Published: October 2 2009 15:53 Last updated: October 2 2009 15:53
Endowed with the world’s fourth largest proven gas reserves, Saudi Arabia would appear to have ample resources of the sought after commodity.
But as the kingdom’s economy and population have expanded questions are mounting about whether it will have to face up to the unthinkable – a gas shortage.
The kingdom is now pursuing an urgent multibillion dollar search for gas that stretches from the Gulf to the vast, remote desert of its Empty Quarter. Gas consumption is growing at 7 per cent a year and this appetite is unlikely to slow in the near future.
The kingdom’s plans to diversify its economy by utilising its hydrocarbon resources to attract energy-intensive industries is putting pressure on energy consumption, which is already growing through increasing demand for electricity and water desalination plants.
Colin Lothian, analyst at Wood Mackenzie, says the gas issue is similar to that being faced by other Gulf countries that failed to predict the sharp rise in demand. He says: “Saudi Arabia desperately needs additional sources of gas – the country was importing fuel oil for use in its power generation this year.”
He adds that historically, gas has almost been treated as “a by-product rather than a valuable commodity”.

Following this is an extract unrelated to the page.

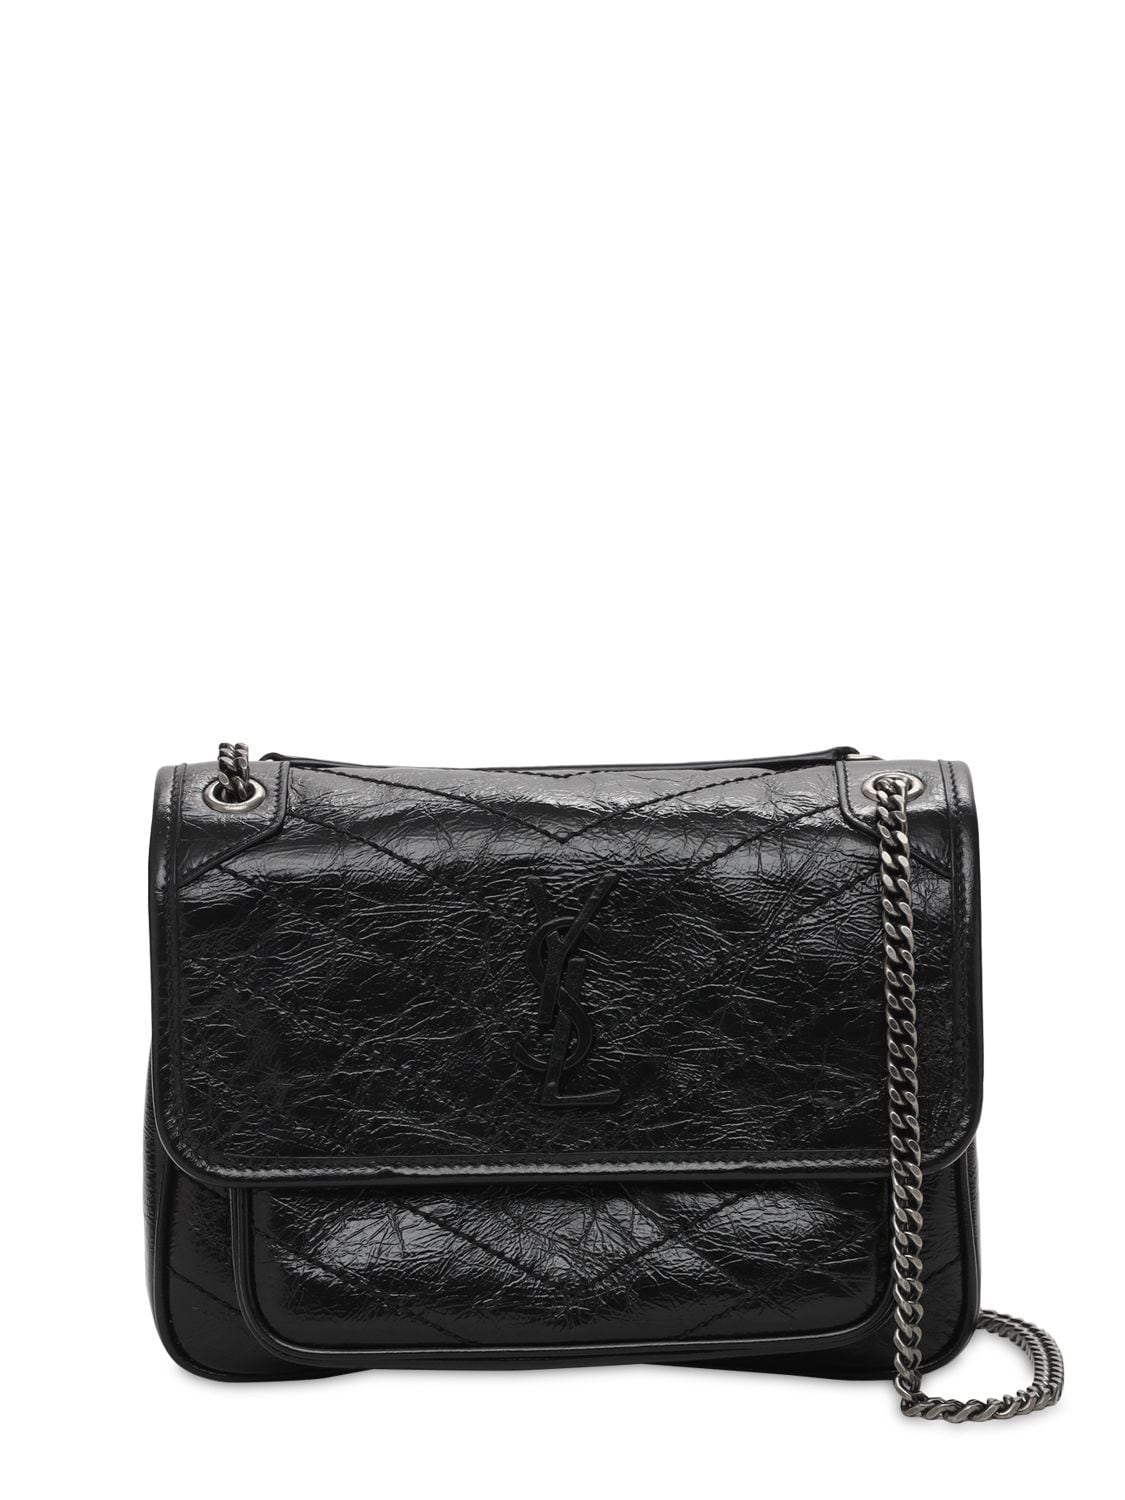 Saint Laurent Niki Monogram Vintage Effect Leather Bag In Black

“Pre-2000, gas prices were very low and consequently the focus wasn’t really on gas exploration to satisfy domestic demand, but as time has gone on, all of these [Gulf] countries have realised their gas requirements are far in excess of what their short term plans can deliver,” Mr Lothian says.
Citing forecasts from Aramco, the state oil company, the US Energy Information Administration says that natural gas demand in Saudi Arabia is expected to double to 14.5bn cubic feet a day by 2030, up from an estimated 7.1bn cubic feet a day in 2007.

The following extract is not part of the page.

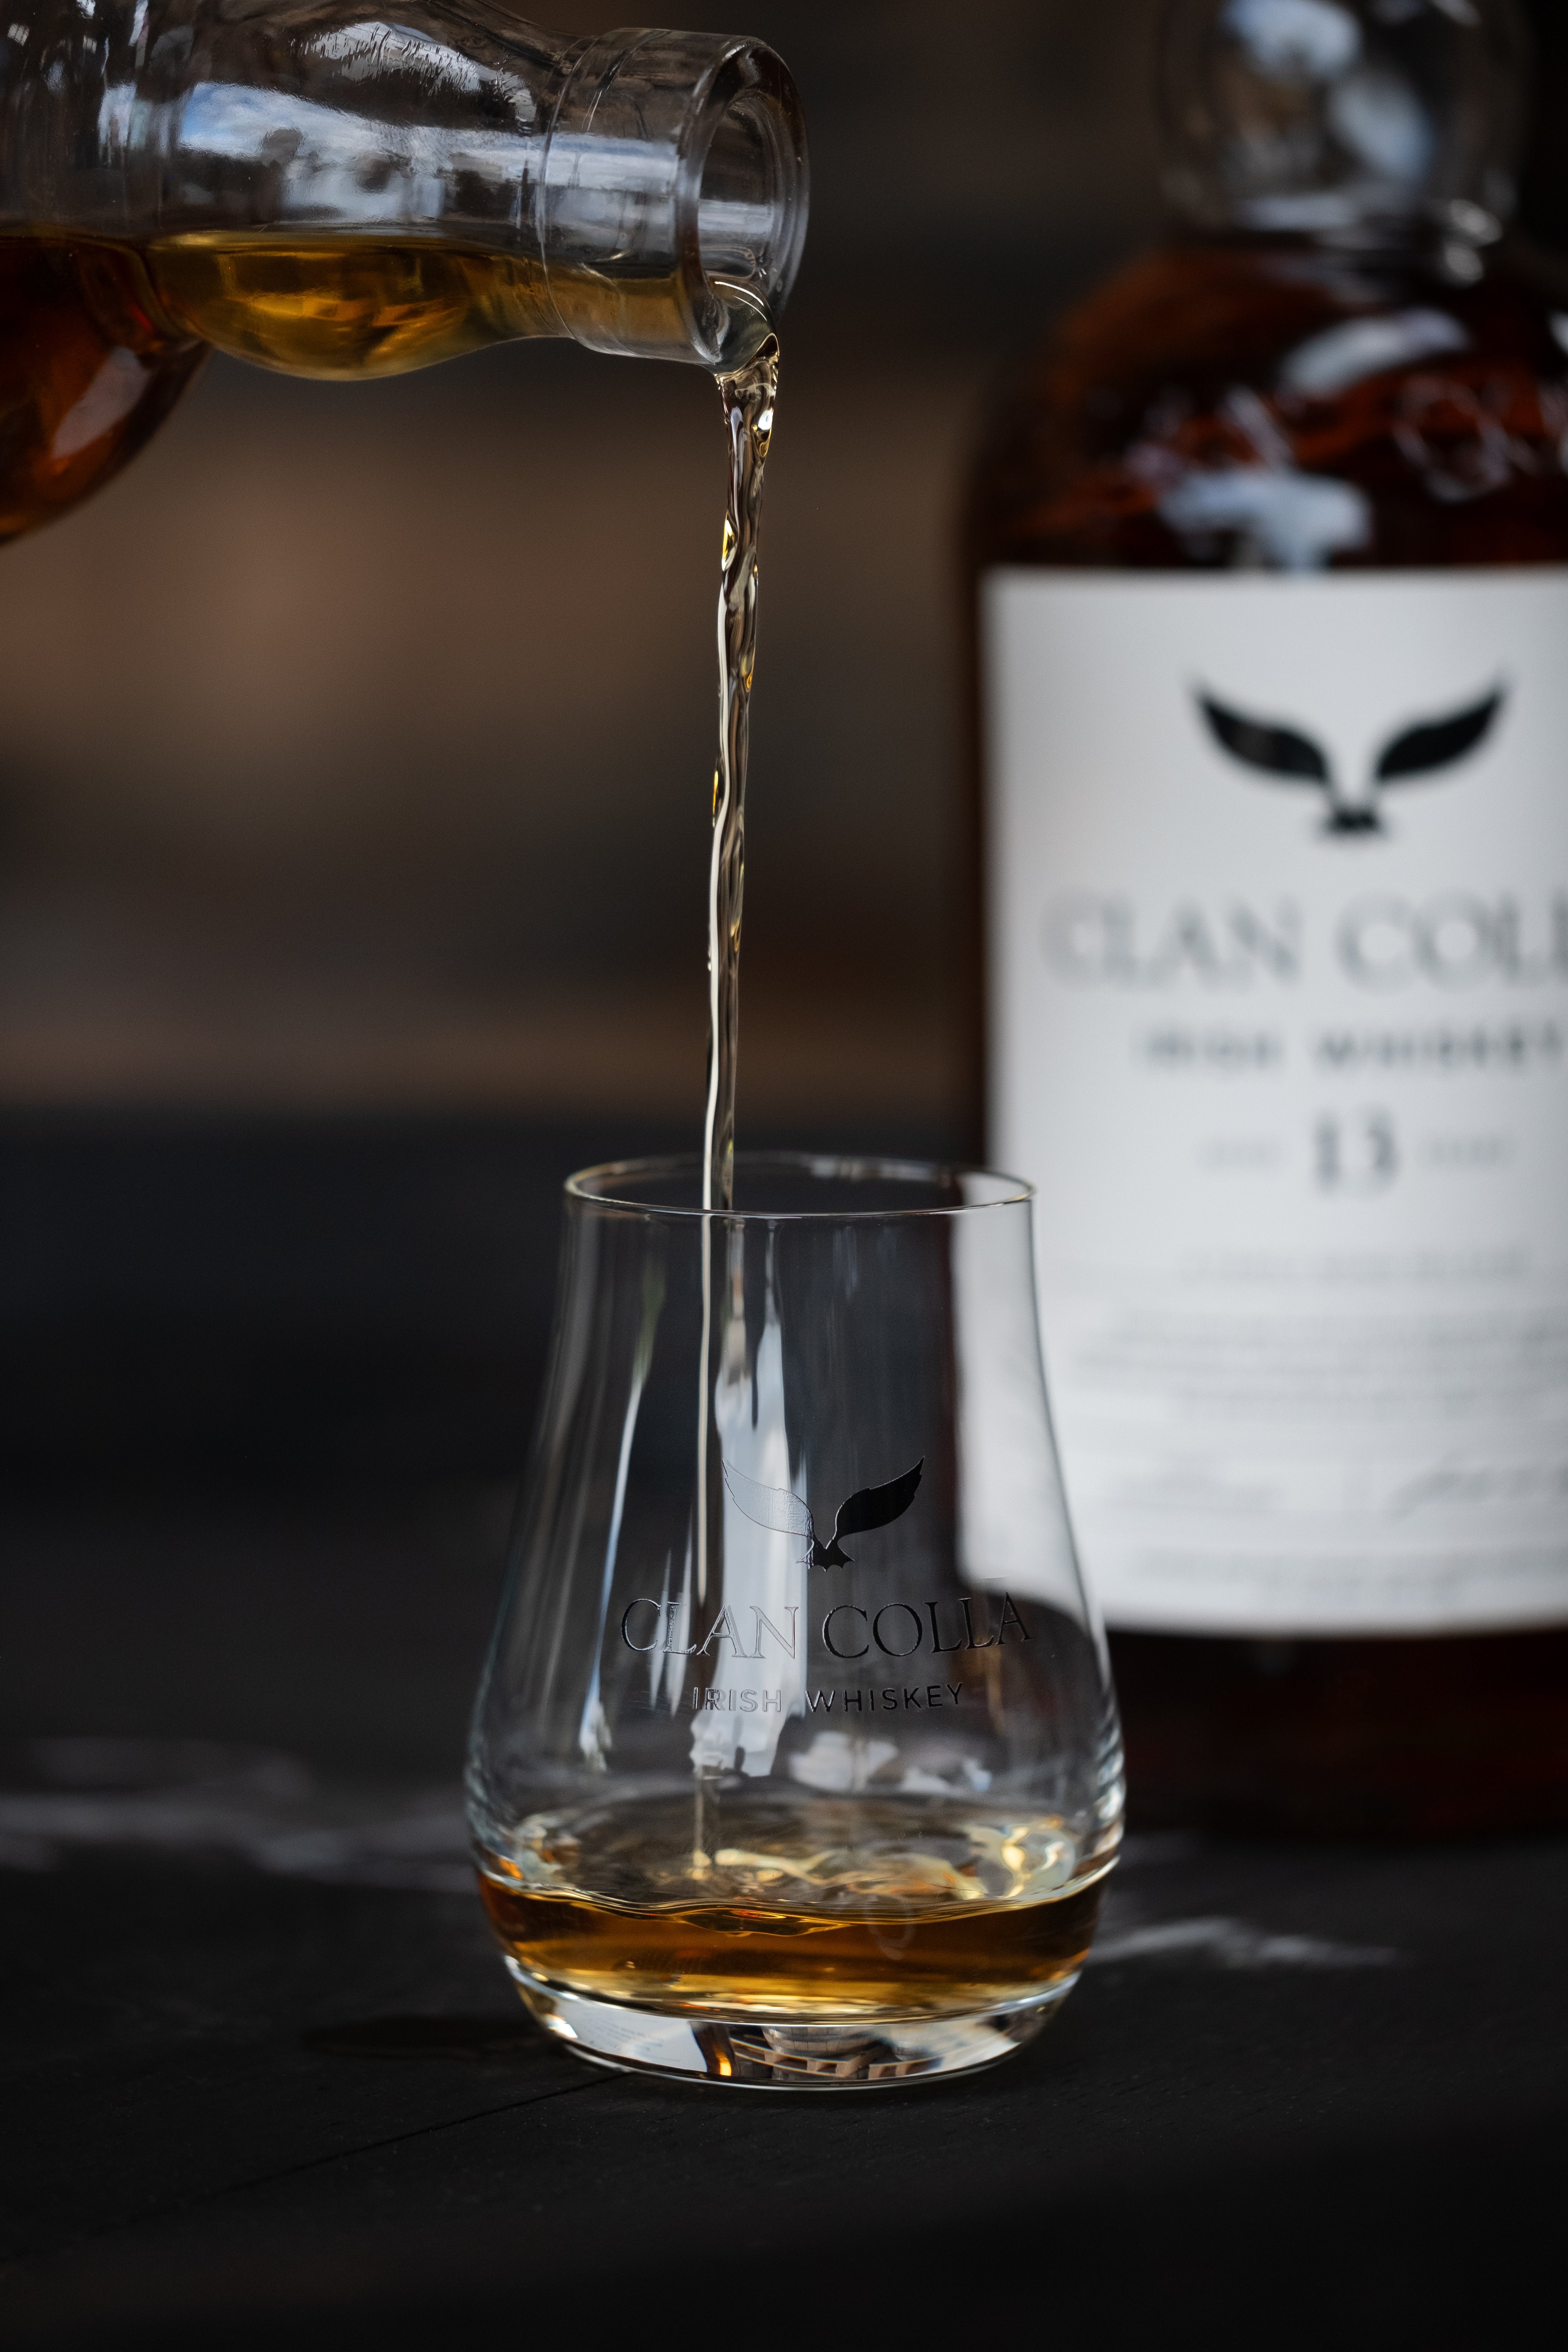 Clan Colla Irish Whiskey 13 YO

The country is already using liquids to fuel power plants and the surge in energy demand could impact global markets by affecting the kingdom’s oil exports, as well as future industrial projects.
The Saudi petroleum ministry has adopted a policy of approving gas supplies to new industrial projects, such as petrochemicals, to ensure their products are not already manufactured in Saudi Arabia, or that they add value by going further downstream than others.
Ali al-Naimi, the petroleum and mineral resources minister, said this year: “The energy consumption pattern in the kingdom will, if it continues, have an impact on both the volume of exports and the kingdom’s income.”
He adds: “This requires us to proceed forthwith to institute a national programme for rationalisation of energy consumption that will take into consideration the kingdom’s condition, the growth phase it is passing through and the need to optimise utilisation of energy in the various sectors.”
The kingdom’s discovered gas reserves have increased from 184,000bn cubic feet in 1990 to 267,000bn cubic feet in 2008.
The problem for Saudi Arabia, however, has been that much of its gas is associated gas – gas linked to oil reservoirs – and so extracting it is tied to oil production.
Mr Naimi said in his speech that the share of non-associated gas out of total gas production had increased from 25 per cent to about 58 per cent. The kingdom’s efforts to develop more gas have been continuing for years with mixed results.
The petroleum ministry announced a $9bn strategy in late 2006 to add 50,000bn cubic feet of non-associated reserves in 10 years through new discoveries, according to the EIA.
Aramco is also spending billions of dollars on a series of mega-projects to increase its gas processing capacity from 9.3bn cubic feet to 12.5bn cubic feet.
The kingdom has been boosted by discoveries in its Karan field, the nation’s first non-associated offshore field, and Aramco began awarding contracts for the project earlier this year.
It hopes the field will produce 1.8bn cubic feet a day when completed, with the first phase of production planned to produce 400m cubic feet a day in 2011.
A 110km sub-sea pipeline will transport gas to processing facilities at the Khursaniya gas plant.
The state oil company also announced three other discoveries, including Arabiya and Hasbah, which are also offshore at the beginning of the year.
Another project, however, has borne less fruit so far.
In an effort to get more non-associated gas on tap, the kingdom awarded international companies exploration blocks in the vast Empty Quarter, outside the area reserved for Aramco. These include Shell, Repsol, ENI, Lukoil and Sinopec. But last year, Total pulled out after drilling three exploration wells that produced disappointing results.
Mr Lothian says that, as exploration licences are nearing expiry, it is possible that companies may not extend their contracts.
“Gas exploration in the Empty Quarter has failed to live up to expectations. The only block to report any sign of commercial quantities is Contract Area A [Lukoil’s block], but overall the exploration results could be classed as a disappointment.”